本論文藉由理論計算的方法，討論具有胜肽鍵型態HNC=O的兩個分子(Hydroxamic acid及N-Nitrosoamides)的重要反應，分別是HAs及其衍生物的甲基化反應，及N-Nitrosoamides的熱分解反應。共分為三個單元進行討論：
第一部分： 研究兩種不同構形的HAs甲基化的反應路徑及取代基的效應，Z form的HAs甲基化反應共有七條可能的路徑，分別形成氧甲基及氮甲基的衍生物，經由Path Z7形成O-O雙甲基取代產物9活化能最低(能障17.24 kcal/mol)，將C上的H分別以CH3,Cl,CHCH2取代後，會降低某些特定反應路徑的活化能，生成N甲基取代的產物6的機率可以大大提升。
E form的HAs甲基化反應有6條可能的路徑，會經由兩條能障較低的反應路徑Path E5、E6(能障各為22.85 kcal/mol、23.06 kcal/ mol)，得到O,O雙甲基取代的產物24，產物同樣有高的位置選擇性，將C上的H分別以CH3,Cl,CHCH2取代後，僅Cl取代會改變瓶頸反應進行之路徑，產物的位置選擇性並不會受到取代基的影響，E form的甲基化反應得到N甲基取代的產物27，其活化能相對較高。
第二部分： 研究Thiohydroxamic acid(SHAs)並與Hydroxamic acid做比較，結果發現反應的相對能量、過渡狀態的結構，及反應進行的路徑都會受到S取代的影響而有明顯地不同，O和S原子體積的大小及電負度的差異是兩大主因，但是不論是Z form或是E form的SHAs甲基化反應，產物都有高的位置選擇性，生成N甲基取代的產物其活化能相對較高，這是和HAs相似。

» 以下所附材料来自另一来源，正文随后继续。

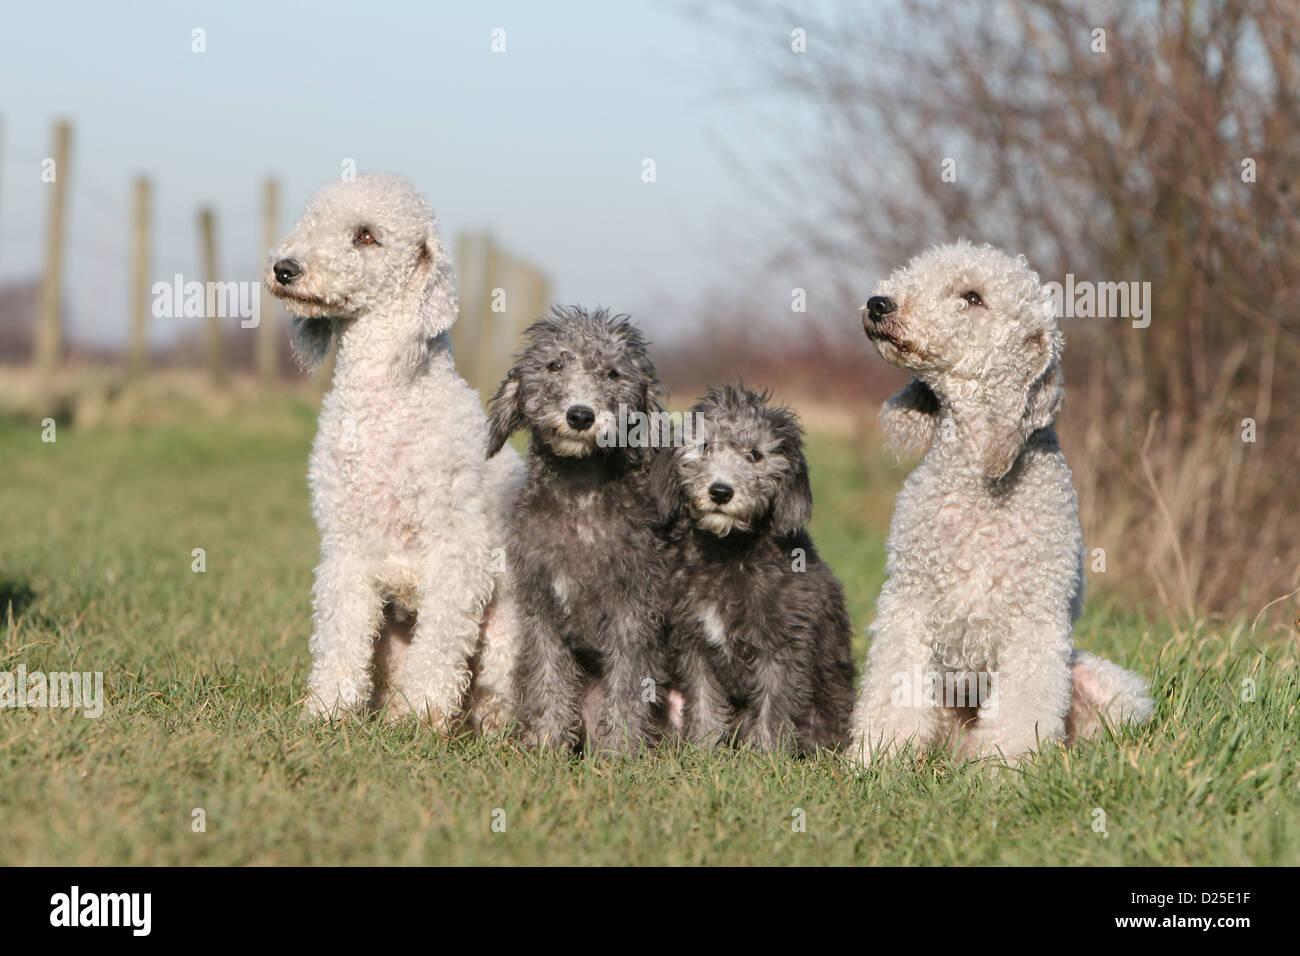 Description breed bedlington terrier. Bedlington Terrier: nature, features, photos 56

第三部分： 研究N-Nitrosoamides的熱分解反應，討論取代在兩個不同取代位置(N及C上)對熱分解反應的影響，研究中設計了兩個isodesmic reaction幫助我們更進一步了解取代基的作用，結果發現相同的取代基取代在這兩個不同位置有很不一樣的效應，且取代在C位置比起取代在N位置有較顯著的電子效應、立體效應及氫鍵的效應，以SiH3取代後甚至會有不同的反應路徑產生。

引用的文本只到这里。